Longtemps elle resta, sous les feuillages engourdis, l’âme reprise par les images inoubliables. Les ombres et les doutes s’étaient effacés. Seul régnait, sur le monde clos de sa vie de femme, un rayonnement de foi merveilleuse.
Mais ses mains moites, cherchant un mouchoir au fond de son sac, ramenèrent froissée, déjà vieille, la dernière lettre de Lucien. Ce fut alors qu’elle l’ouvrit, avec une profonde sensation de force. Cependant sa bouche se crispa. Ses yeux glissaient d’une page à l’autre comme sur une chose brûlante qui lui faisait mal : quatre grands feuillets, couverts d’une écriture ronde et inégale, aux pleins épais, sur lesquels un vieux stylo avait craché. Puis elle revint aux premières lignes. Une sensation aiguë lui déchirait l’âme. Cette fois l’orage depuis si longtemps amassé éclatait sur elle :
« Les jours passent, Élisabeth. Je sens que vous m’échappez toujours davantage. Ah ! je pleure l’homme que j’eusse pu être si vous m’y aviez aidé.
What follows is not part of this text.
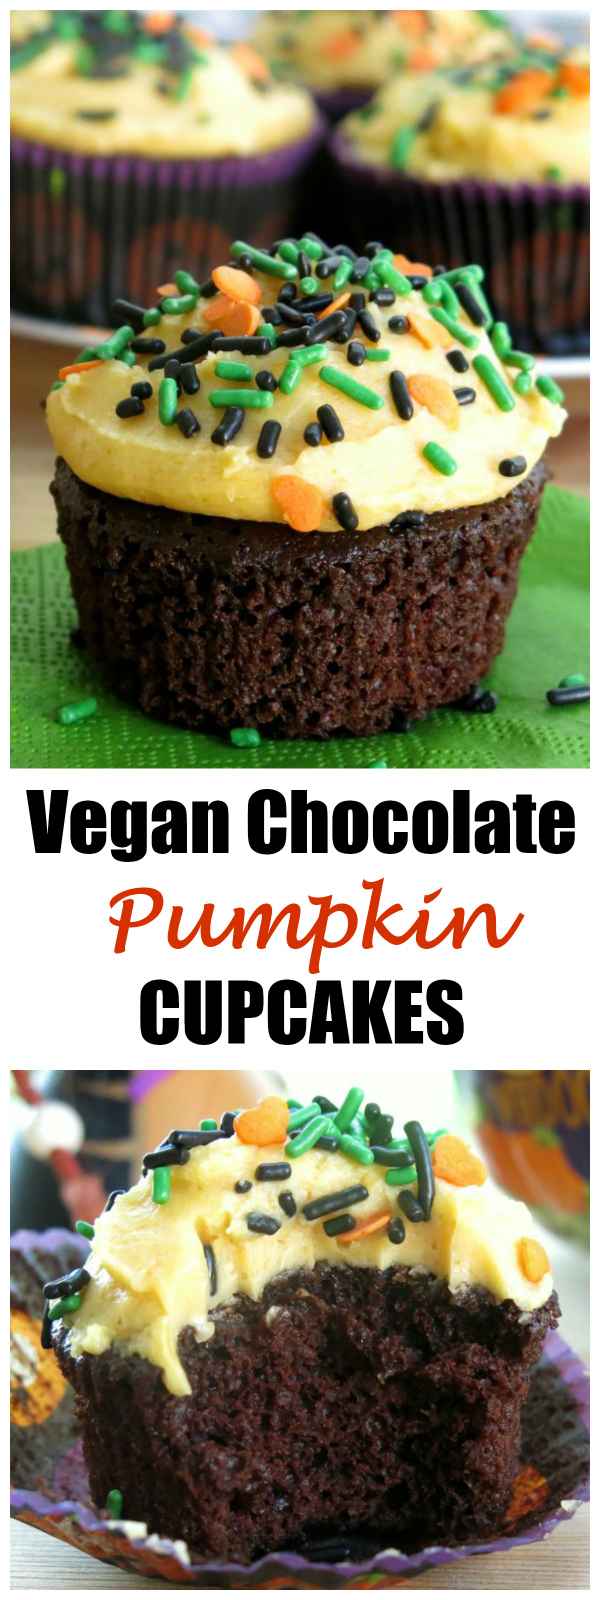 Vegan Chocolate Pumpkin Cupcakes

« Je vous revois dans votre retraite pleine du passé, où vous vous défendez de regarder vers une vie nouvelle. Pardonnez-moi si je vous blesse : vis-à-vis de ceux que j’aime, je ne peux souffrir ni complaisance ni timidité. Voilà assez longtemps que j’ai vécu en face de vous dans une atmosphère de mensonge. Il faut que cela finisse. Jusqu’à ce soir, j’avais l’intention de vous écrire enfin la vérité ; ce soir, c’est un besoin.
« Ne croyez pas que je méconnaisse la beauté de votre attitude. Ce qui est admirable dans votre vie, c’est qu’elle est votre œuvre. Je pense que plus vous prendrez conscience de cela, plus vous vous sentirez forte et heureuse (je parle du bonheur intérieur de ceux qui ne vivent que pour leur âme). J’envie ceux qu’une idée transfigure. Les fous n’ont aussi qu’une idée et on les dit parfois les plus sages. Mais je préfère encore ma conviction intime qu’ils s’enfoncent dans une erreur.
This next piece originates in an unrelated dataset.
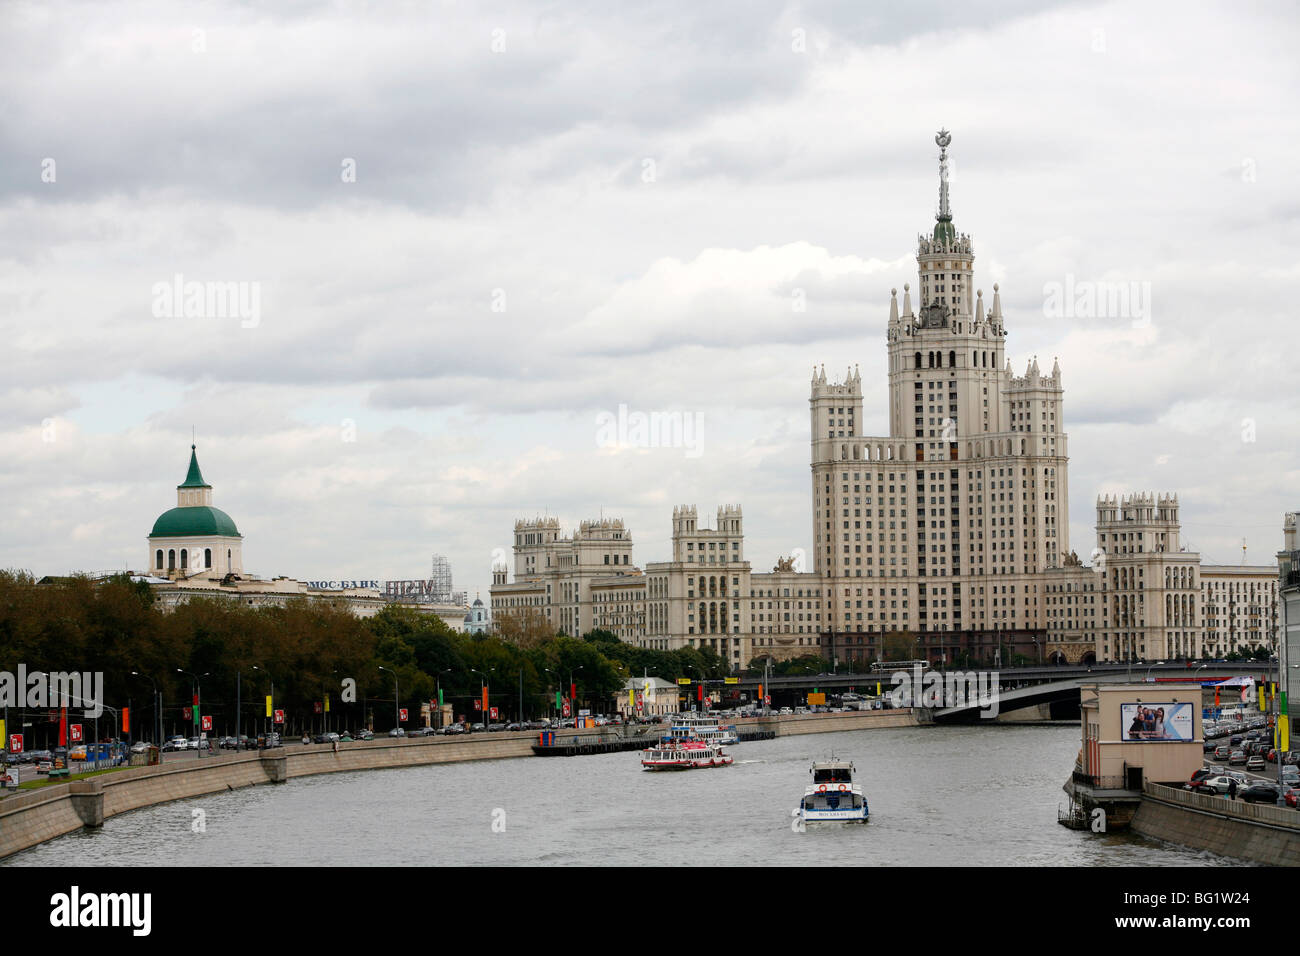 Stalin-Ära Gebäude am Kotelnicheskaya Damm, eine der sieben Schwestern sind sieben stalinistischen Wolkenkratzer, Moskau, Russland Stockfoto

« Laissez-moi vous l’écrire, Élisabeth : je continue de croire que vous vous trompez. Vous me dites aimer la vie dans « les efforts qu’elle réclame » et pour « ces souffrances mêmes qui sont les raisons de notre orgueil. » Ce sont là des mots presque hostiles pour moi, parfois même privés de sens ; je devrais dire incompréhensibles.
« Pour moi, j’aime la vie quand elle exalte mon esprit, ou mon cœur, ou mes sens — par élans, par flambées, et quand j’oublie la vie.
« Mais comment aimer les souffrances ? Comment me défendre contre les joies ? Je hais, j’insulte les premières, et lorsqu’elles m’envahissent, si j’essaie d’aller jusqu’au fond d’elles, c’est seulement par défection et en sentant ce qu’a de morbide ce goût de souffrir — et je veux aussi aller jusqu’au fond des joies, goulûment.
« Vous me parlez en chrétienne. Je vous réponds en irréligieux. La seule réalité pour moi, ce sont ces quelques années pendant lesquelles je serai jeune encore, et vous aussi, Élisabeth. Personne ne m’a jamais aimé de l’amour que j’ai poursuivi. Mais si je vous avais serrée dans mes bras, si je vous avais infusé tout ce qu’il y a en moi de désirs, cette passion de l’absolu qui m’a jusqu’ici dévoré en vain, savez-vous si le passé à cet instant ne se fût pas détaché de vous comme un linceul où vous ne deviez pas si tôt vous ensevelir ?
« Car la vérité, c’est de vivre. Ce sont ces baisers dont vous ne voulez pas, ce battement de cœur que vous étouffez, cette recherche ardente de l’être qui puise jusqu’au fond de l’être qu’il aime. Peut-être vous ai-je paru indécis, timoré, presque insignifiant ? C’est que les mots que vous m’imposiez n’étaient pas les mots véritables. Chaque fois que je vous ai quittée, j’ai eu honte du rôle auquel vous me réduisiez. Je me suis trouvé plus irrité, plus seul qu’auparavant. Quant à borner ma vie à vous entourer de protestations mensongères, je n’en ai pas la force : il me faudrait un esprit de sacrifice que je ne conçois même pas.